The Development Of Propulsion Technology For U S Space Launch Vehicles

Download The Development Of Propulsion Technology For U S Space Launch Vehicles PDF/ePub or read online books in Mobi eBooks. Click Download or Read Online button to get The Development Of Propulsion Technology For U S Space Launch Vehicles book now. This website allows unlimited access to, at the time of writing, more than 1.5 million titles, including hundreds of thousands of titles in various foreign languages.
The Development of Propulsion Technology for U.S. Space-launch Vehicles

In this definitive study, J. D. Hunley traces the program?s development from Goddard?s early rockets (and the German V-2 missile) through the Titan IVA and the Space Shuttle, with a focus on space-launch vehicles.

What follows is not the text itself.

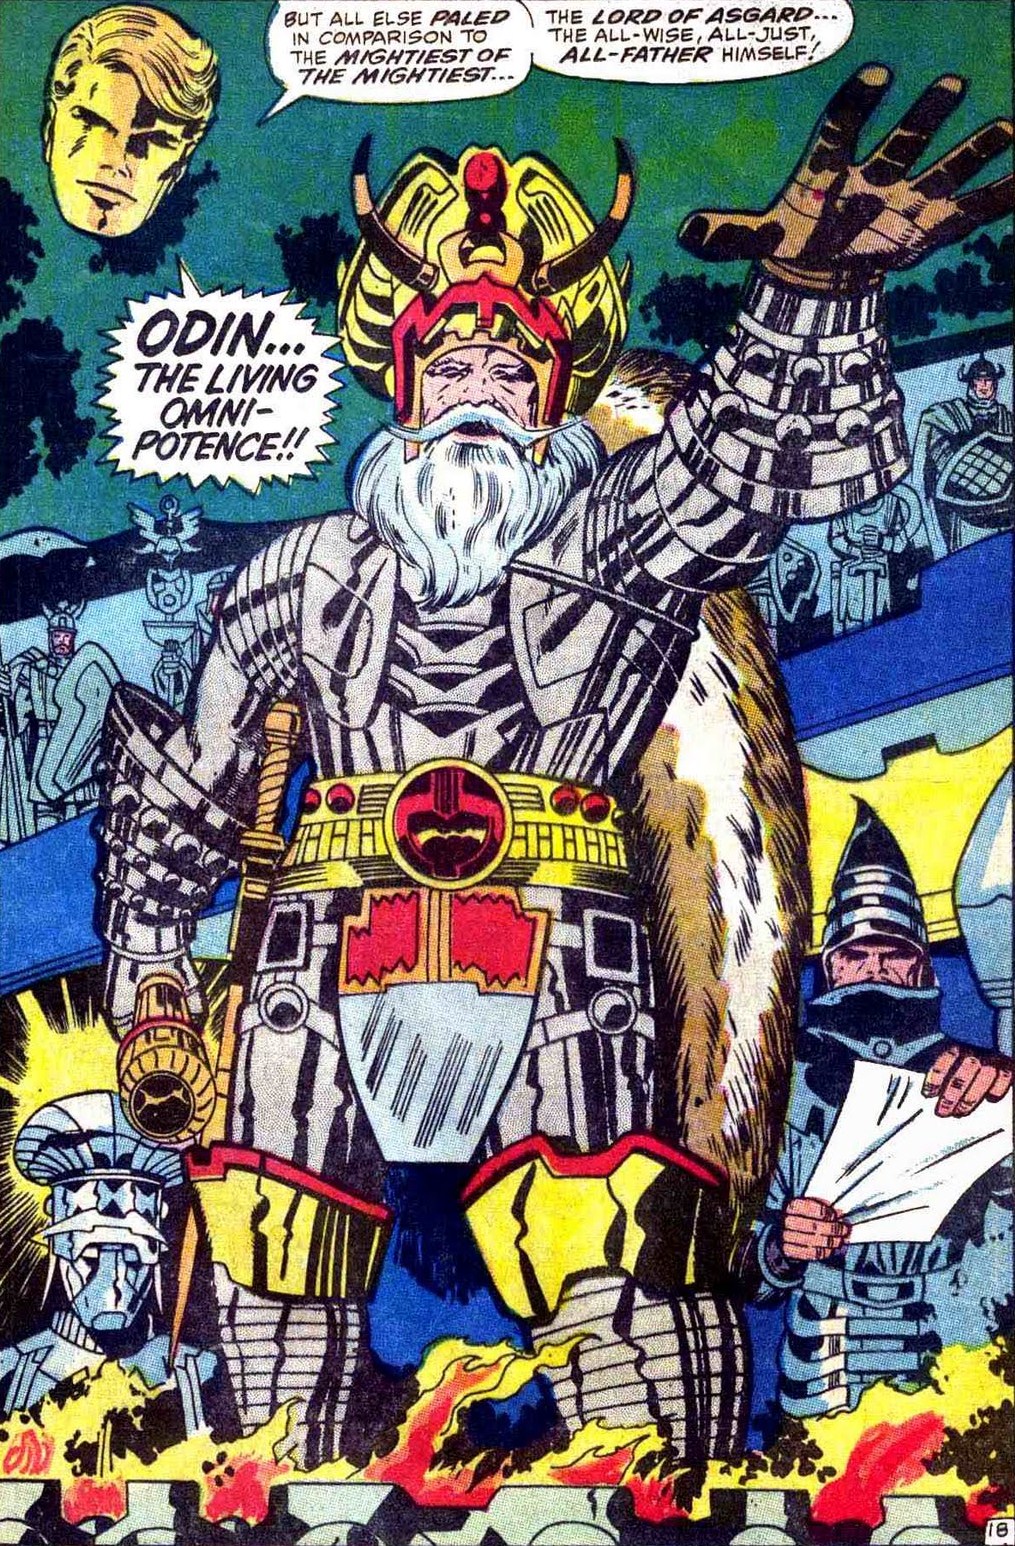 Odin, the mightiest of the mightiest, the living omnipotence

Since these rockets often evolved from early missiles, he pays considerable attention to missile technology, not as an end in itself, but as a contributor to launch-vehicle technology. Focusing especially on the engineering culture of the program, Hunley communicates this very human side of technological development by means of anecdotes, character sketches, and case studies of problems faced by rocket engineers. He shows how such a highly adaptive approach enabled the evolution of a hugely complicated technology that was impressive?but decidedly not rocket science. Unique in its single-volume coverage of the evolution of launch-vehicle technology from 1926 to 1991, this meticulously researched work will inform scholars and engineers interested in the history of technology and innovation, as well as those specializing in the history of space flight.
Reusable Booster System

Author: National Research Council
language: en
Publisher: National Academies Press
Release Date: 2013-01-10
On June 15, 2011, the Air Force Space Command established a new vision, mission, and set of goals to ensure continued U.S. dominance in space and cyberspace mission areas. Subsequently, and in coordination with the Air Force Research Laboratory, the Space and Missile Systems Center, and the 14th and 24th Air Forces, the Air Force Space Command identified four long-term science and technology (S&T) challenges critical to meeting these goals. One of these challenges is to provide full-spectrum launch capability at dramatically lower cost, and a reusable booster system (RBS) has been proposed as an approach to meet this challenge. The Air Force Space Command asked the Aeronautics and Space Engineering Board of the National Research Council to conduct an independent review and assessment of the RBS concept prior to considering a continuation of RBS-related activities within the Air Force Research Laboratory portfolio and before initiating a more extensive RBS development program. The committee for the Reusable Booster System: Review and Assessment was formed in response to that request and charged with reviewing and assessing the criteria and assumptions used in the current RBS plans, the cost model methodologies used to fame [frame?] the RBS business case, and the technical maturity and development plans of key elements critical to RBS implementation. The committee consisted of experts not connected with current RBS activities who have significant expertise in launch vehicle design and operation, research and technology development and implementation, space system operations, and cost analysis. The committee solicited and received input on the Air Force launch requirements, the baseline RBS concept, cost models and assessment, and technology readiness. The committee also received input from industry associated with RBS concept, industry independent of the RBS concept, and propulsion system providers which is summarized in Reusable Booster System: Review and Assessment.
Future Spacecraft Propulsion Systems

Author: Paul A. Czysz
language: en
Publisher: Springer Science & Business Media
Release Date: 2006-09-19
In Future Spacecraft Propulsion Systems the authors demonstrate the need to break free from the old established concepts of expendable rockets, using chemical propulsion, and to develop new breeds of launch vehicle capable of both launching payloads into orbit at dramatically reduced cost, and for sustained operations in low-Earth orbit. The next steps, they explain, to establishing a permanent "presence" in the solar system beyond Earth are the commercialisation of sustained operations on the Moon, and the development of advanced nuclear or high-energy space propulsion systems for solar system exploration out to the boundary of interstellar space. In the future, high-energy particle research facilities may one day yield a very high-energy propulsion system that will take us to the nearby stars, or even beyond. This is a timely and comprehensive book, putting spacecraft propulsion systems in perspective.